“Contributing to society or the environment” is something that tends to make most CEOs feel good. But these days, simply “feeling good” doesn’t cut it anymore. Sustainability is becoming the norm. Increasingly, organisations will (have to) face the actual costs and results of their decisions. And that is what ‘redefining value’ is all about. How can you make your operations more sustainable, and then translate those efforts into figures? A challenge, sure – but also a fantastic opportunity. Many companies have already made the shift, and they’re reaping the fruits today.
Why 'redefing value'
Traditionally, we equate a company’s value with its ability to generate profit. ‘Value’ becomes something purely financial, as we barely take into account the broader impact. Any positive effects are simply ‘a nice added bonus’. Negative effects become externalities, passed off on society or the environment.
But the traditional model is crumbling. There’s a growing awareness that companies sometimes underestimate the impact they have. People are especially starting to frown at the way costs are passed off on others without a second thought. Pressure is mounting on all fronts: from national governments and international institutions like the European Union, to major investors and forward-thinking companies who have taken steps to change. And increasingly, the general public is joining the chorus. It’s clear that we need to reinterpret the concept of ‘value’. Not just in our decision-making processes, but also in our financial reporting. Because there is no one-to-one relationship between value and profit – hence ‘redefining value’.
‘Redefining value’ is about finding a better way to define the value organisations create. It’s about determining a clear, objective link between sustainability and the creation of value, to make it easier to base our decisions on the right reasons. The question – what is the impact of our business decisions – remains the same. But the answer suddenly becomes much broader. Of course, a decision will affect your financial value. But will it also create ecological value? What about social value for society? Only at home or also abroad? Will your decision create human value for those who bare directly involved, customers, staff, anyone in the immediate environment? Some companies are already looking at value this way. In the luxury sector, a large player now reports on ecological as well as financial profits and losses. An international clothing giant does the same. This has given both the opportunity to adjust their decision-making processes.
Turning decision-making processes around is a win-win situation.
Turning decision-making processes around may seem like a massive challenge. In reality, it’s a win-win situation. Decisions based on actual impact don’t suddenly stop being financially interesting. They simply become better when other criteria are taken into account as well. Why?

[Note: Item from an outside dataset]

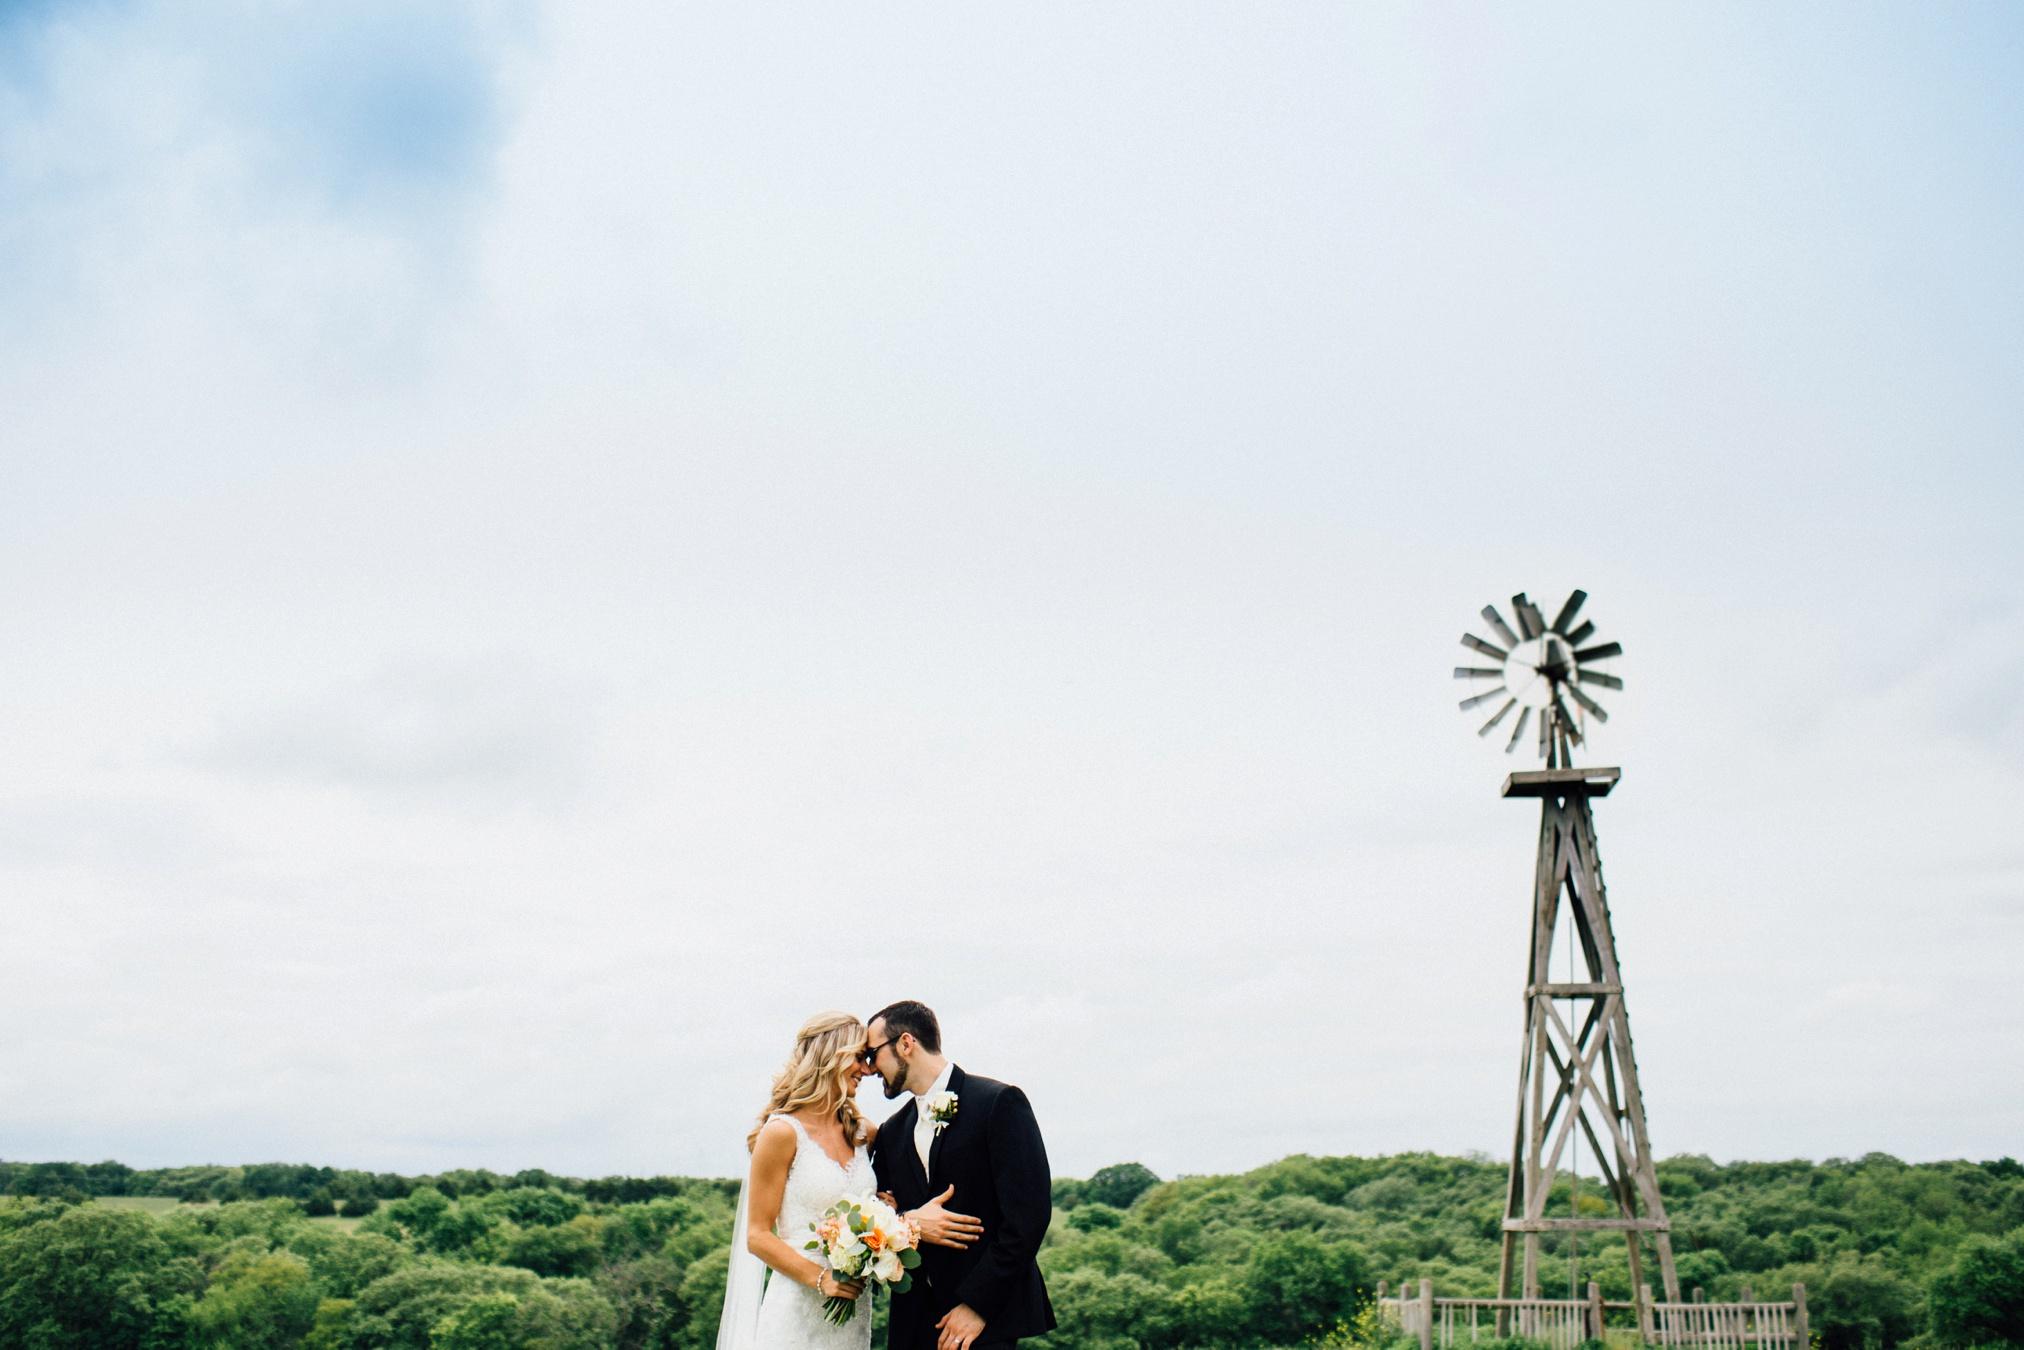 schmid_wedding-630.jpg

- Because every company has a responsibility to society. For more than 15 years, the World Economic Forum has been discussing the biggest risks our world faces. Now, for the first time ever, its list is headed entirely by ecological risks, both in terms of probability and impact. These risks range from extreme weather and loss of biodiversity to natural disasters and failing climate policies. Passing off the external costs of our economic process plays a key role in this.
- Because ‘redefining value’ is an irreversible process. Major investment firms, including pension funds, are beginning to focus on the total impact of the companies they’re investing in, rather than just their financial impact. Exorbitant amounts of capital are being divested from carbon-inefficient sectors and reinvested in green industries.
- Because other companies too are finding this increasingly important and are aligning their strategy with it. Unsustainable companies risk losing customers. Sometimes, we’re talking about major customers: companies who’ve already altered their strategy themselves often simultaneously raise the bar for their partners.
- Because awareness is increasing among the general public as well. A sustainable image is a commercial asset. For the younger ‘high potential’ generations, sustainability is an important measure when deciding whether to join and remain loyal to a company. And small-scale investors are discovering sustainable investment approaches.
- Because it will soon be a legal obligation. Listed companies are already required by law to submit both financial and non-financial reporting. The European Commission is currently drafting new guidelines to clarify and expand these requirements.
- And last but not least, because sustainability creates new business opportunities. Making products and services wholly sustainable can help businesses gain a foothold in new markets. A more sustainable product can even directly add extra value if clients are willing to pay more for it in comparison. Examples are rife both in Belgium and abroad.
The best way to learn is to learn from each other’s
‘Redefining value’ is high on global agendas, and the trend shows no sign of abating. Consultants offer some guidance, but their methods differ and aren’t always easy to apply. There’s a need for harmonisation. Large international companies are wasting no time in organising themselves. The World Business Council for Sustainable Development (WBCSD) and the European Business Network for Corporate Sustainability and Responsibility (CSR Europe) have brought together a group of sustainability frontrunners taking initiative in the field of water management, carbon emissions, biodiversity, health and safety, employment policy,… The Shift is Belgium’s national point of contact for both networks.
Having a point of contact is important for our country’s own companies and organisations. Often, they are willing to contribute, but don’t instantly know how. Many of them are unable to take action on the same scale as the giant global players leading the charge today. Which is why an organisation like The Shift can play an active role, inspiring and promoting a healthier decision-making process. We continuously keep track of the latest developments, organise workshops and offer members the support of a network. Because the best way to learn is to learn from each other’s.